Parametric analysis of maneuvering operating modes of thermal power plants under conditions of excess capacity in the energy system

   Currently, in the structure of covering the daily maximum electricity consumption of the republic, the share of generation from two nuclear power units can reach about 45 %. The regulation range of thermal power plants is almost fully utilized and is insufficient to balance the energy system; there is an excess of generation over consumption. To eliminate the imbalance during nighttime and to implement measures for disconnecting generating equipment depending on the magnitude of this imbalance, it is necessary to analyze various options and combinations of equipment to be taken offline as reserve at power plants. In the context of the investment crisis and sanctions, which prevent the full replacement and modernization of power plant equipment approaching the end of its operational life, the problem of ensuring the reliability and cost-effectiveness of thermal power equipment becomes especially urgent.

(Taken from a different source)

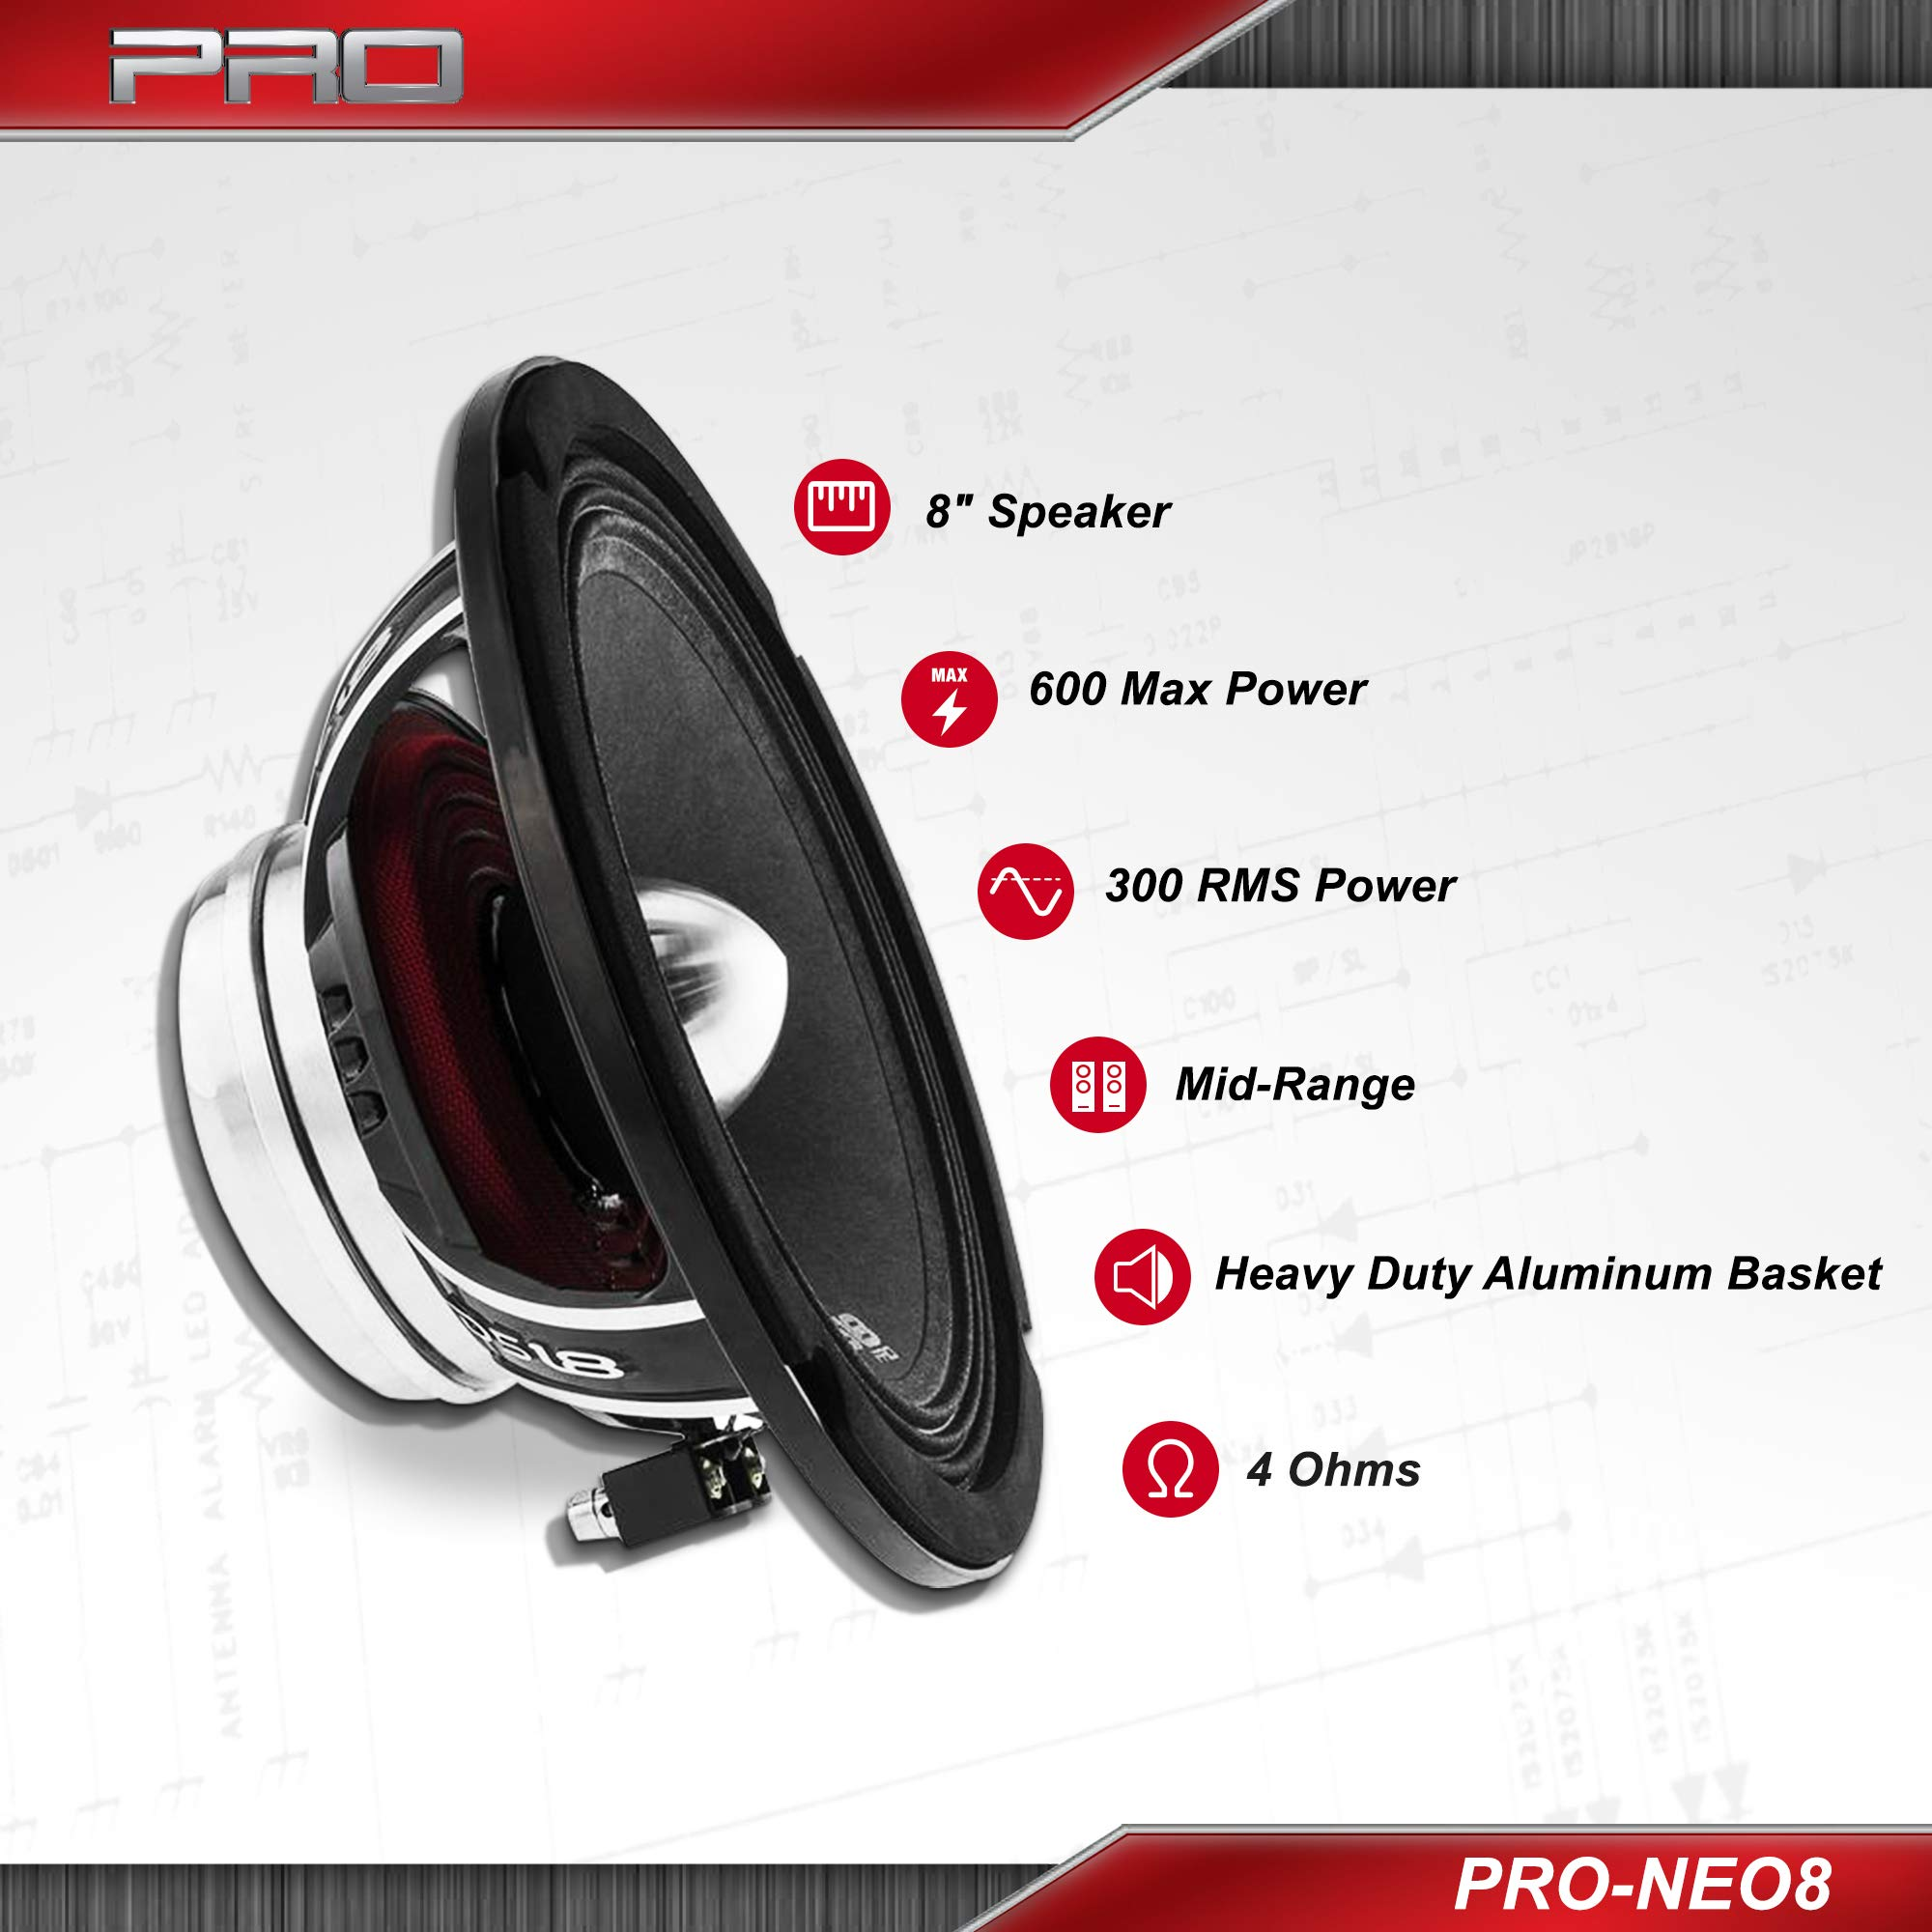 DS18 PRO-NEO8 Loudspeaker - 8'', Midrange, Heavy Duty Aluminum Basket, 600W Max, 300W RMS, 4 Ohms, Neodymium Magnet - The Most Elegant Neodymium Full Range Loudspeakers Available

Аn approach is proposed to solve the problem of optimizing the reliability and cost-effectiveness of power systems operating in maneuvering modes, using the equipment of state district power plants as an example. A generalized function has been derived, incorporating several parameters to select a rational balance and mutual influence between the reliability and efficiency of electricity generation, with the participation of thermal power plant equipment in regulating the daily load profile. The proposed methodology is an effective tool for assessing the suitability of equipment for operation under specified modes. The mathematical model allows for consideration of multiple factors, making the analysis more accurate and well-founded, thereby ensuring the selection of optimal solutions to improve the efficiency of equipment operation under various conditions.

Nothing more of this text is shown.